細田邦子 (三番瀬を守る署名ネットワーク)

 4 月6 日(土)、福岡市「和白地域交流センター」で日本湿地ネットワーク主催の講演会「日本の湿地を守ろう」が開かれました。
 講演会には50 人以上の参加者があり、当日は風雨が吹き付ける荒天にもかかわらず、盛会となりました。

「日本の湿地を守ろう」講演会場

 山内副代表のあいさつ、そして、山本さんの「和白干潟の現地報告」から始まりました。講演では、鹿児島大学の佐藤正典先生から、「干潟・湿地の重要性と生物多様性」というテーマでお話がありました。

 ≪干潟は高い生産性があり、また、干潟生態系は水中の栄養塩を「ただで」除去してくれる天然のフィルター(人工的な下水処理システムでは「高度処理」と呼ばれるコストの高い機能)として働く。
 また、私たちの先祖は、米を食べる前から干潟の魚介類を食べていた。縄文時代の貝塚からもそのことが窺える。干潟は内湾全体の漁業を支える場であり、子孫のために残すべき大切な食糧庫と言える。
 干潟のある内湾では、干潟生態系の食物連鎖によって、陸から流入する栄養分の多くが人間の漁業資源や鳥の食物に転換され、最終的に系外に運びだされる。
 干潟を失った内湾では、海底の浚しゅんせつ渫による窪地もできている。流入する栄養分が運び出されることなく、湾内の海底に沈殿し、海底が酸素不足となり、ますます生物が住みにくくなる。また、底生微小藻類や干潟上部を縁どる泥の世界と塩生植物も重要である。≫

 東京湾三番瀬は、昨年夏、赤潮や青潮が頻発し、漁業被害も甚大でした。東京湾の干潟の90%は消失し、また、港湾としての機能を維持するため、継続的に浚渫がおこなわれており、今後どうしたら保全できるのか、真の再生への道筋はあるのかなど、改めて考えさせられました。
 次に「ラムサール条約入門〜和白干潟を条約湿地に指定するとどうなるか〜」と題して、釧路公立大学の小林聡史先生の講演がありました。

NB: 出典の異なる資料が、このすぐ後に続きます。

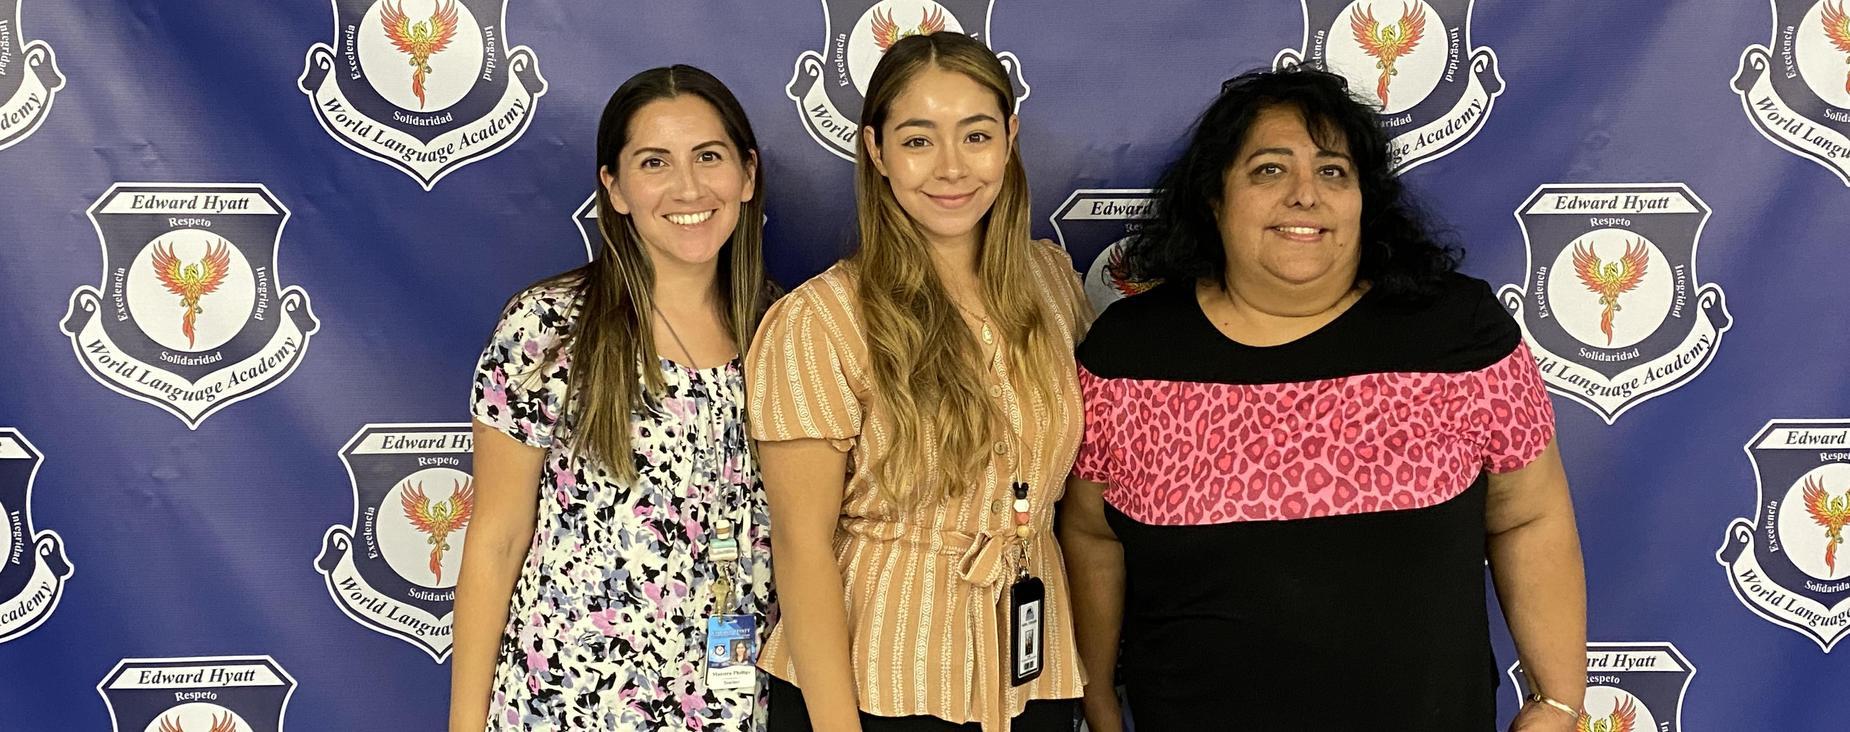 3 women standing

 ≪ラムサール条約事務局から公式の条約湿地認定証をもらった後はどうなるのだろうか? 条約加盟国として条約湿地を指定するということは、我が国が世界に向けて、湿地の価値を認め、その保全とワイズユースの取り組みを促進していく約束をしたことになる。そのため、①国と自治体の取り組みが始まることになる。また、②市民との協働のあり方が問われることになる。さらに登録前から重要なことなのだが、一層の③普及啓発活動が必要となっていく。≫
 
 条約に登録されること自体、容易なことではありませんが、登録した後もその保全とワイズユースの取り組みを促進していかねばならず、登録したからそれで終わりということにはならないということです。
 その後、中池見湿地からの特別報告、各地の報告と意見交換があり、講演会は閉会しました。
 翌日は、和白干潟を守る会の方々に案内していただき、現地見学をしました。和白干潟は博多湾の東奥部にある約80ha の砂質干潟です。沿岸にはハママツナやハマニンニクなどの塩生植物が豊富で、絶滅が心配されるクロツラヘラサギやツクシガモの越冬地としても重要です。
 私は初めて訪れたのですが、アシ原が広がっている風景が印象的でした。アシ原の間から干潟や鳥を見るというのは、何とものどかで、こういう風景が干潟の原風景なのだろうと思いました。
 ただ、現在、前方に人工島があり、残念ながらこの人工島がなかった時の風景をもう見ることはできません。人工島には、帰路、無理をお願いして車で通過してもらいました。
 この美しい干潟を埋め立てて建設した人工島の風景はどこにでもある、ありふれた都市の風景で、味気ないものでした。
 余計な話ではありますが、東京湾三番瀬に面して、浦安という半分埋立地の市街地がありますが、2011 年の震災で埋め立て地は液状化し、街はデコボコになりました。現在でも復旧していません。この人工島も巨大地震に襲われれば、同じ運命になるだろうと危惧しています。
 この人工島建設の目的に一部には、浚渫土砂の廃棄ということがあるようです。ここだけではないのですが、港湾施設があれば浚渫は不可欠ですし、その浚渫土砂の持っていき場所として干潟が狙われるという事例をよく聞きます。このような理由で美しい干潟が消失していくのをなんとかしてくい止めたいものです。
 当日、天候が悪く、期待していたクロツラヘラサギを見ることはできませんでしたが、佐藤先生が干潟を掘って、チロリ、コケゴカイなどの底生生物を取出し、同定の仕方の説明をして下さいました。また、アシナガゴカイという外来種が広がっているとのこと、三番瀬では見ていないのですが、全国的にはどうなのでしょうか。
 現地見学のあと、山本さんの切り絵館でお茶をごちそうになりながら、作品の数々を見せていただきました。山本さんは美大を卒業されていらっしゃるそうで、作品の完成度が高い理由に納得がいきました。

きりえ館でお茶を飲みながら勉強

 最後になりましたが、和白干潟を守る会の方々には大変お世話になりました。お礼申し上げます。